§ WORK ORDER
Find the line with "12. Ladyz day 14" in the data below. Repeat it and every line after it exactly, but not the pictures.
──────── DATASET EXCERPT
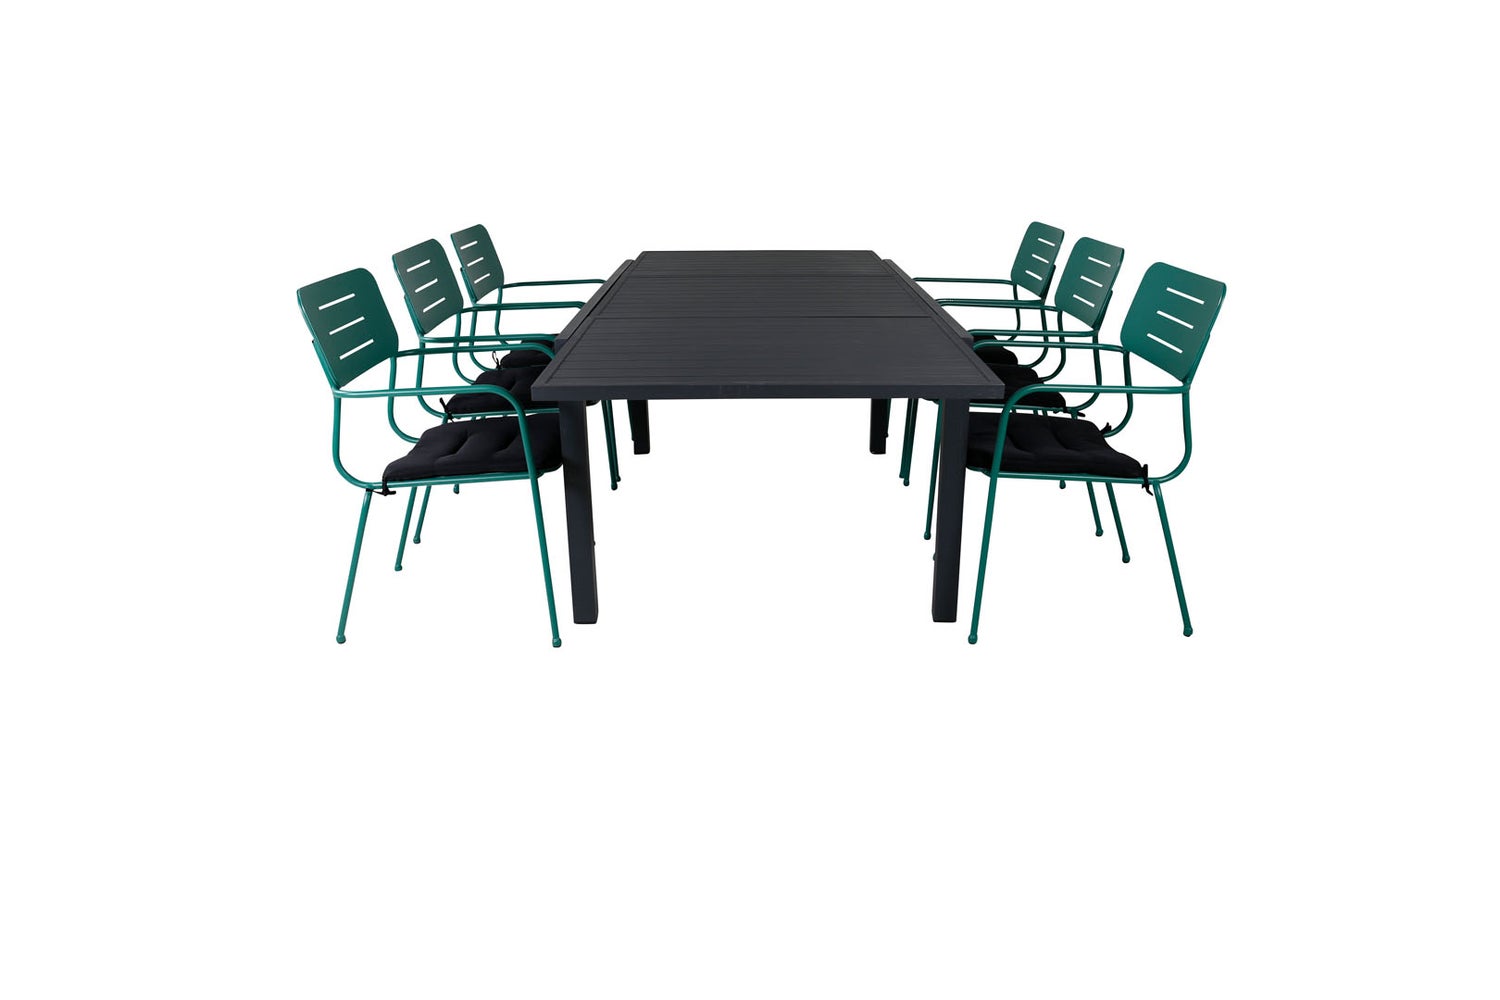 Marbella Gartenset Tisch 100x160/240cm und 6 Stühle ArmlehneG Nicke grün, schwarz.
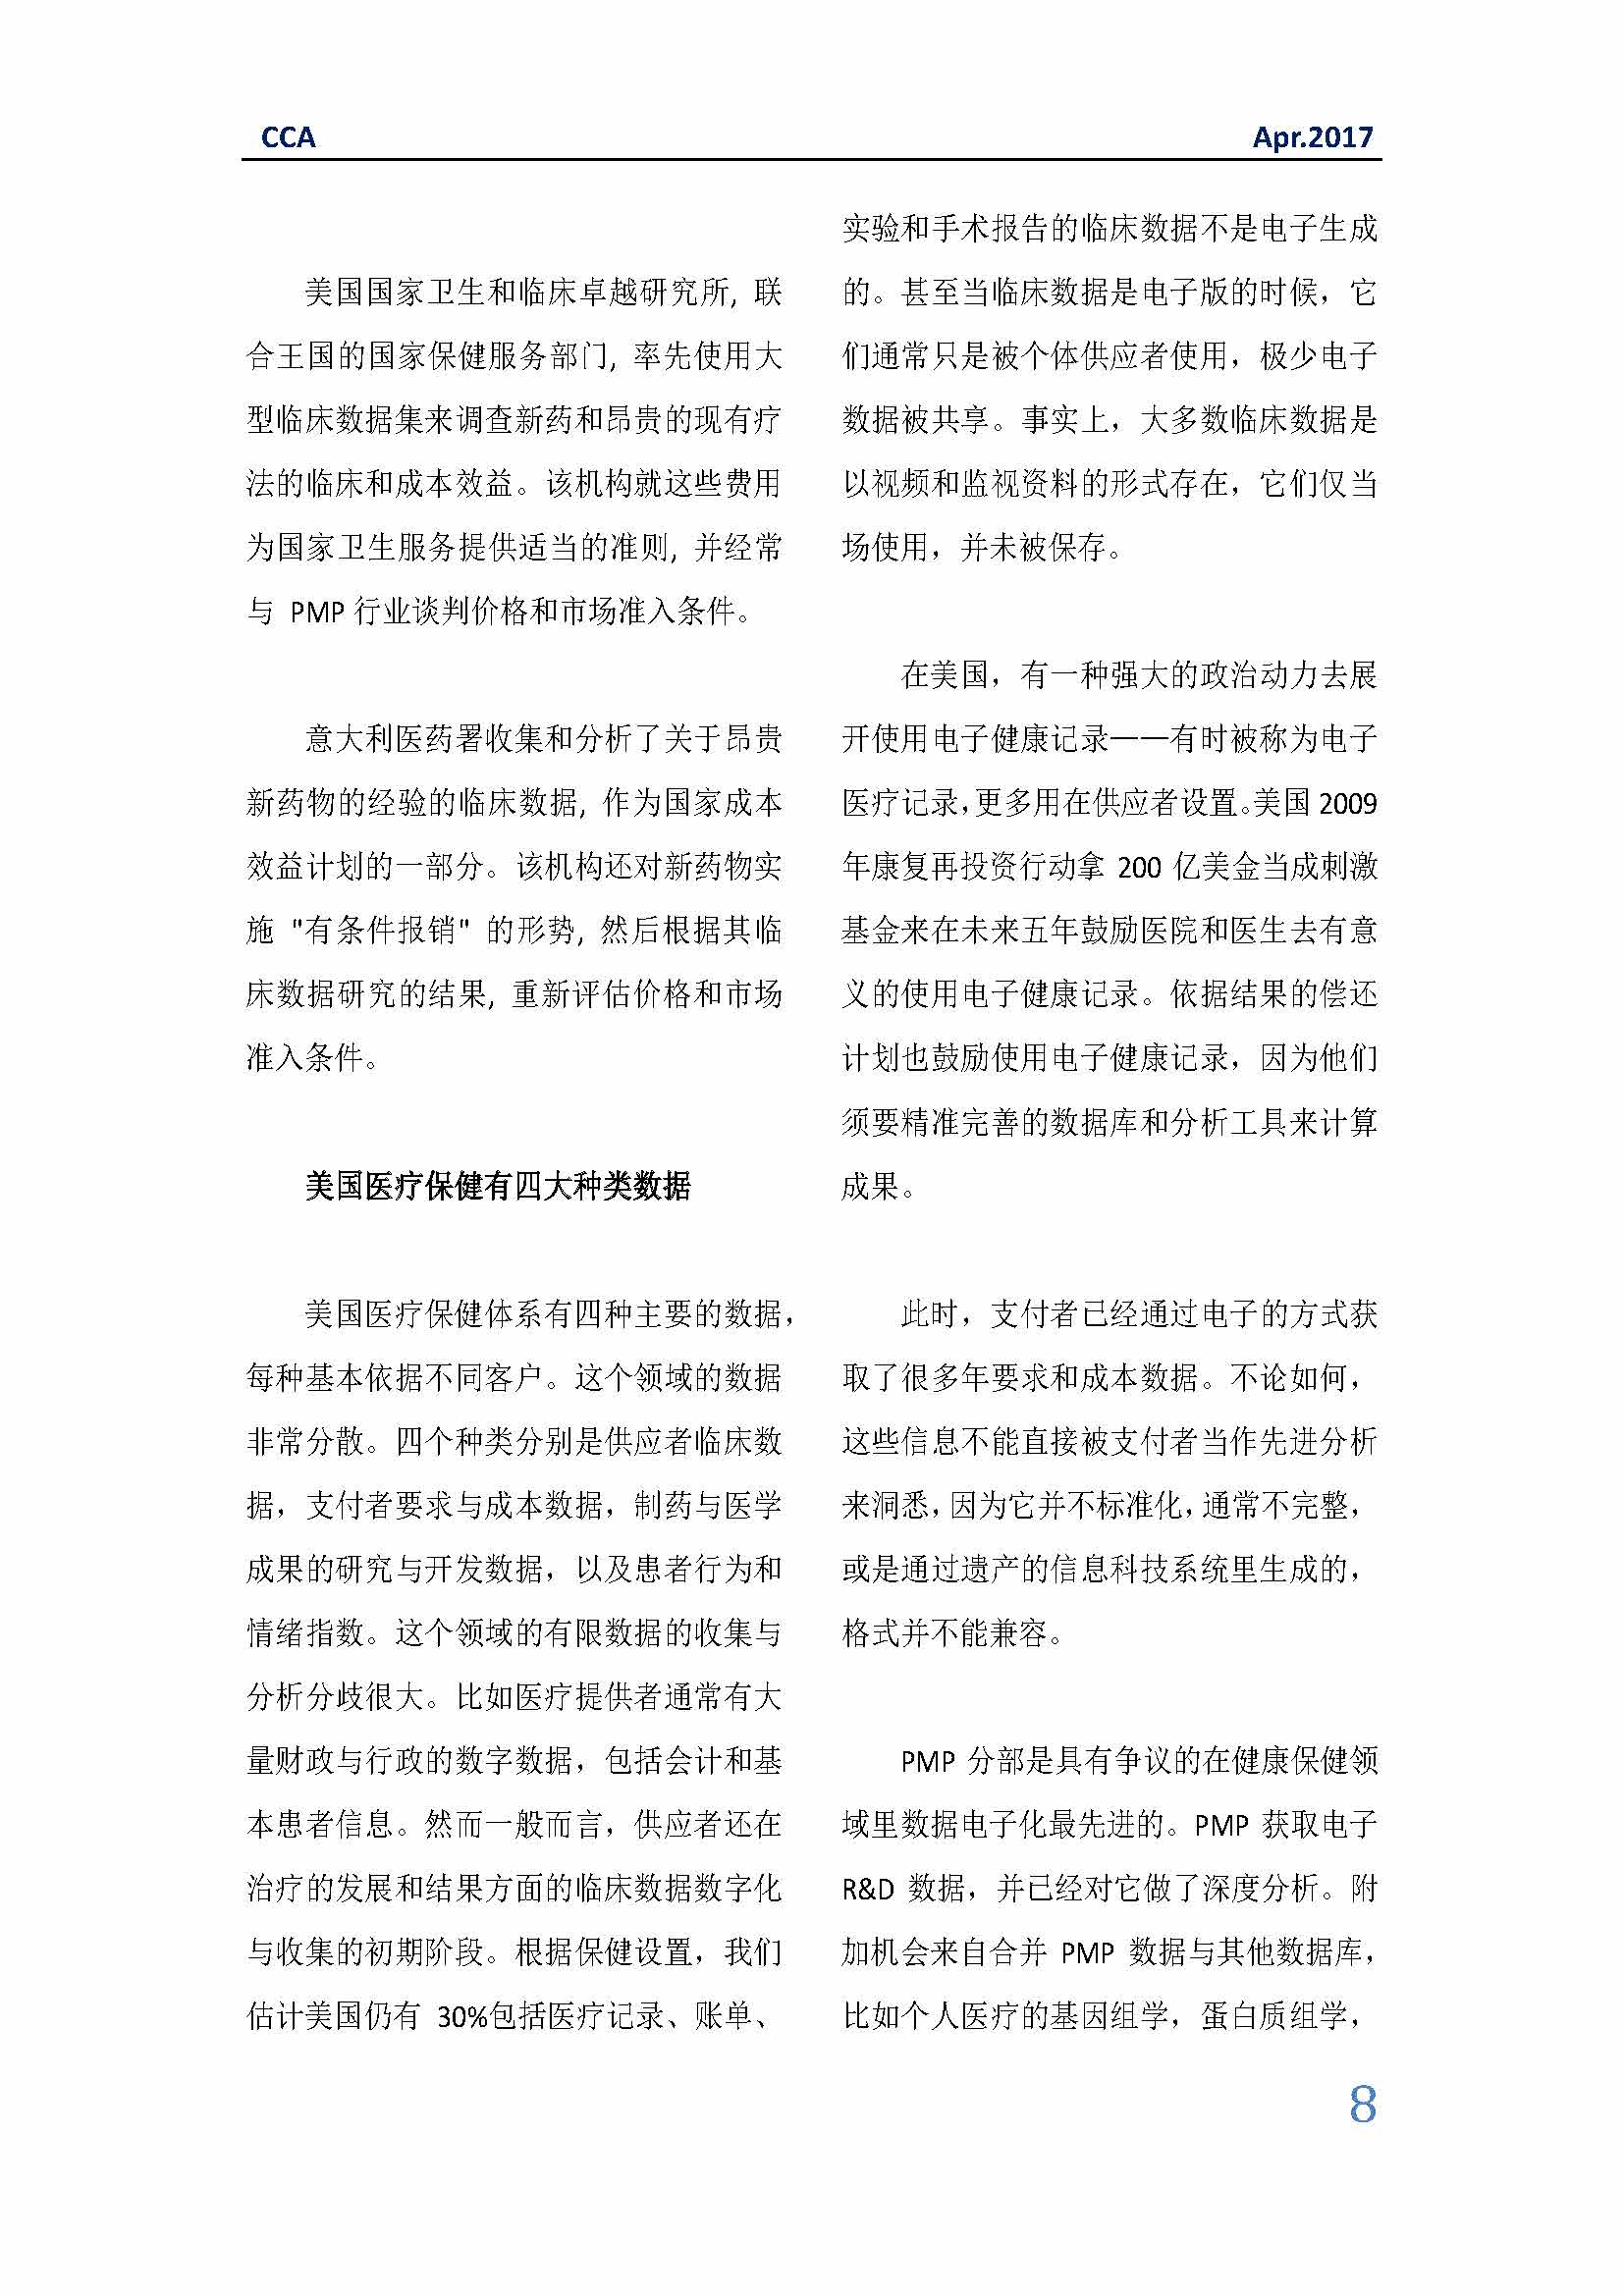 中国科技咨询协会国际快讯（第二十八期）_页面_08.jpg
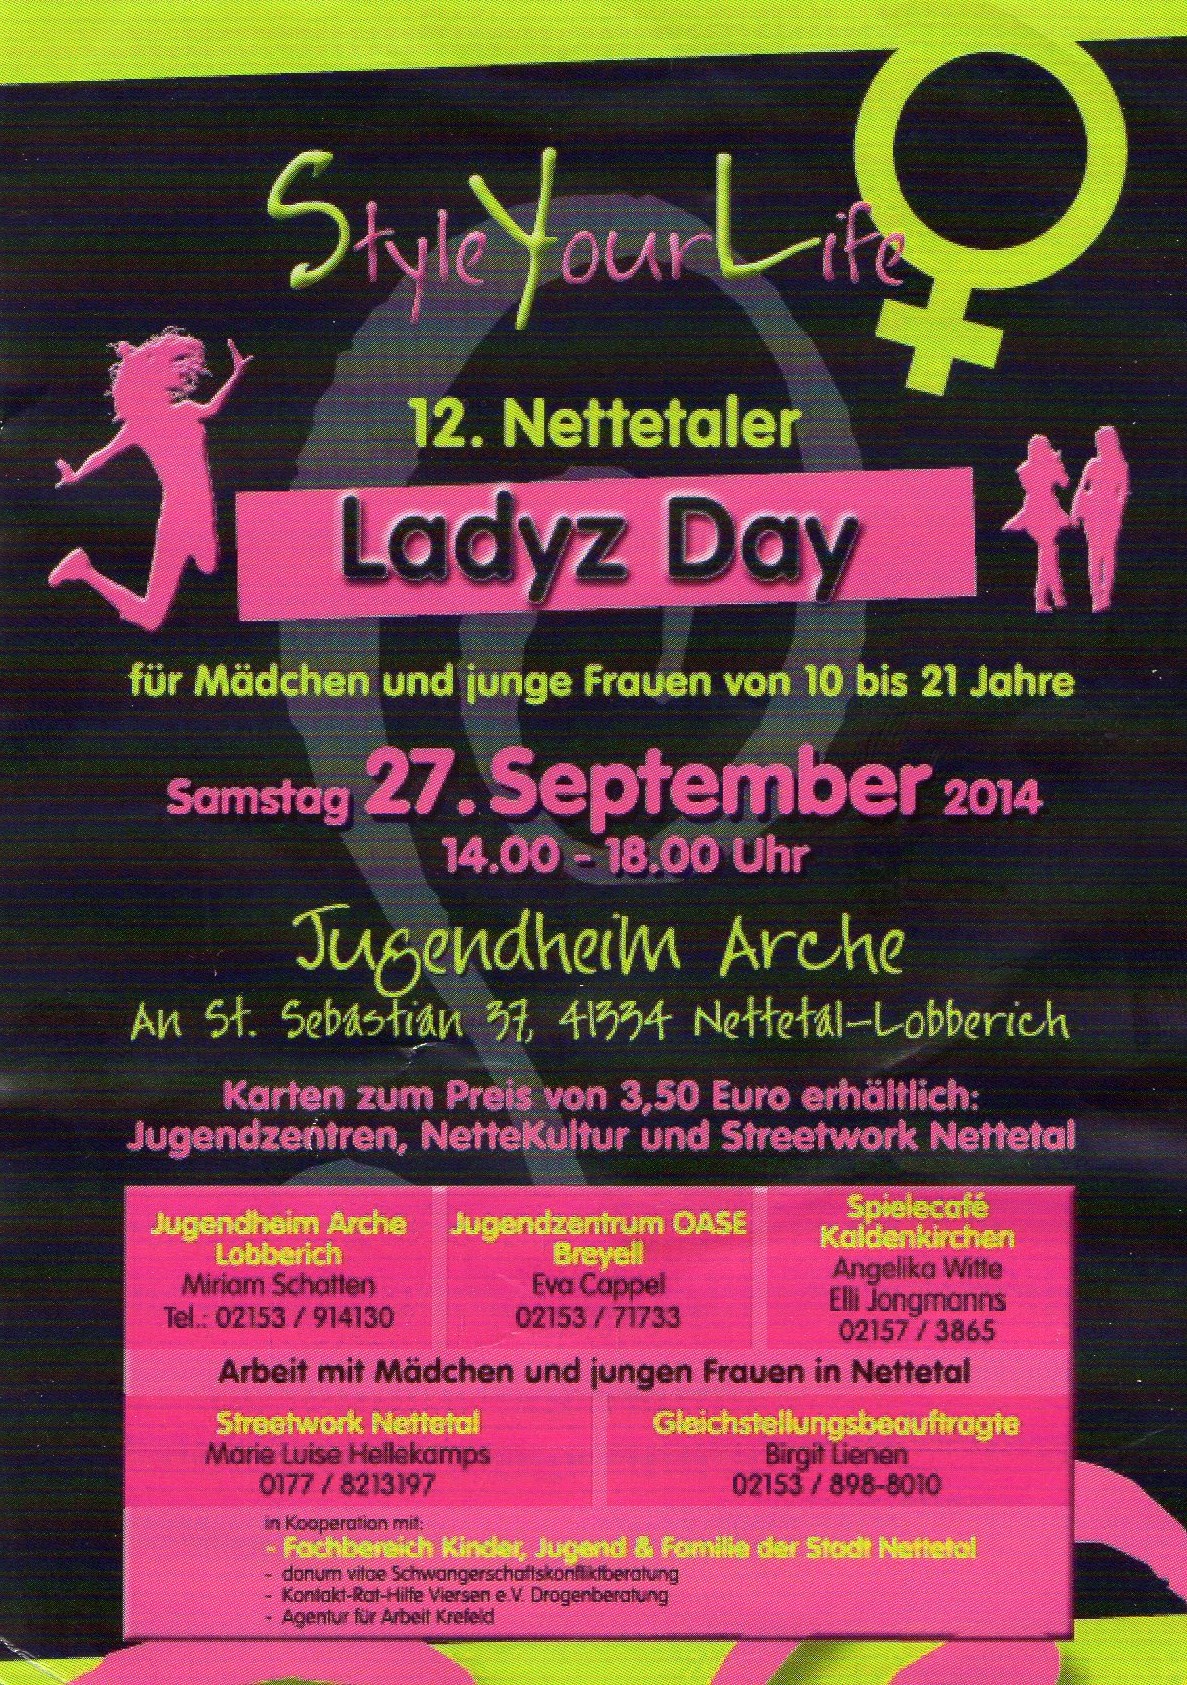 12. Ladyz day 14
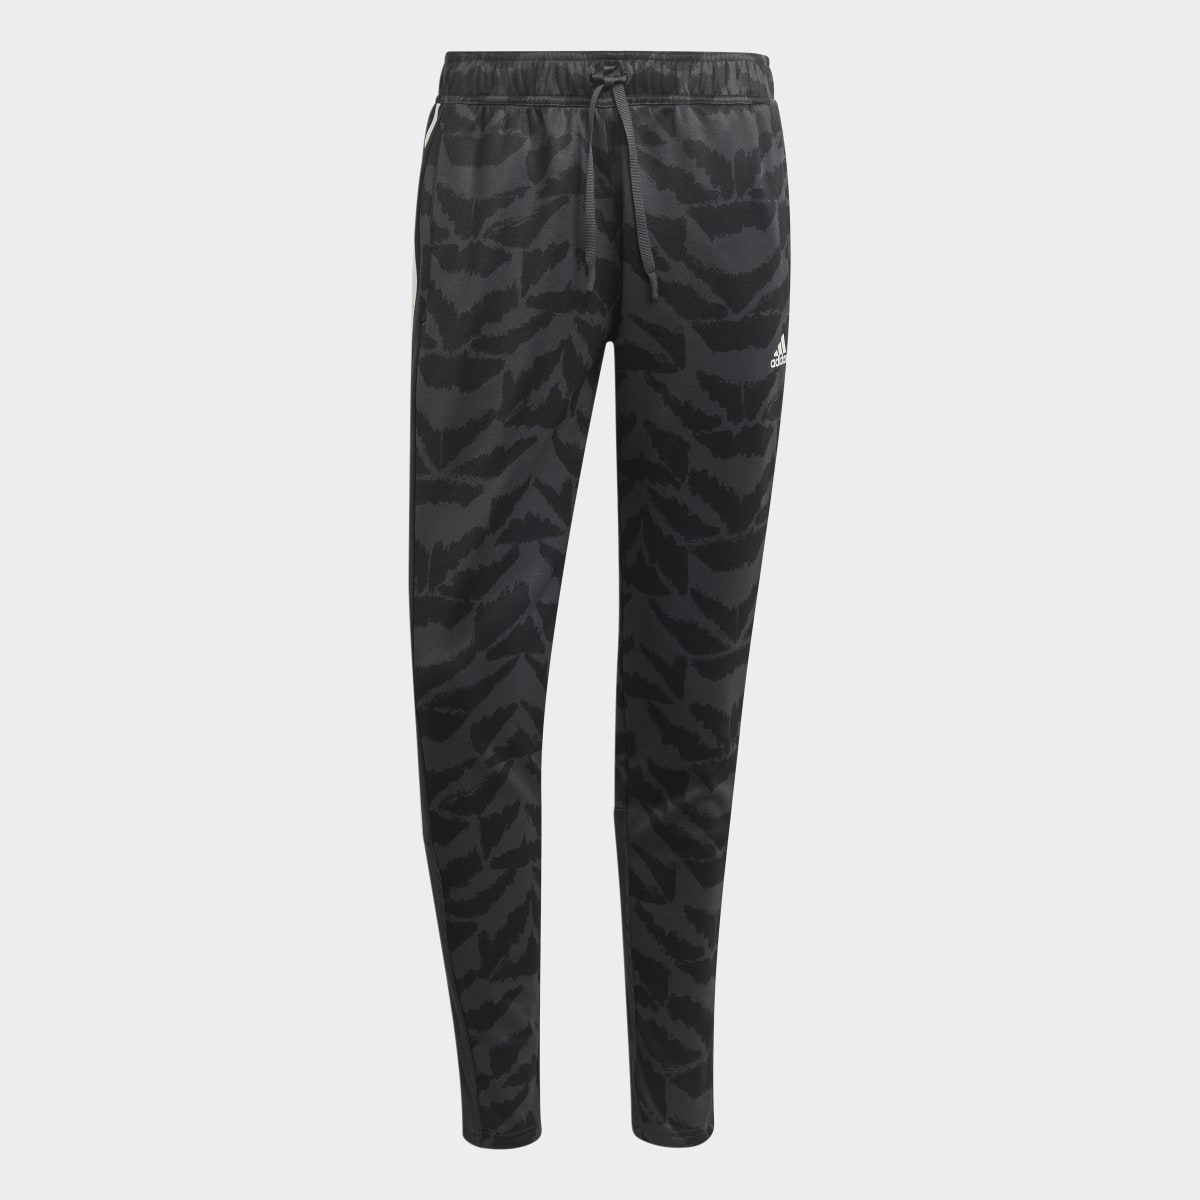 Adidas Pantalon de survêtement Tiro Suit-Up Lifestyle. 5
────────────────
§ ANSWER SECTION
 12. Ladyz day 14
 Adidas Pantalon de survêtement Tiro Suit-Up Lifestyle. 5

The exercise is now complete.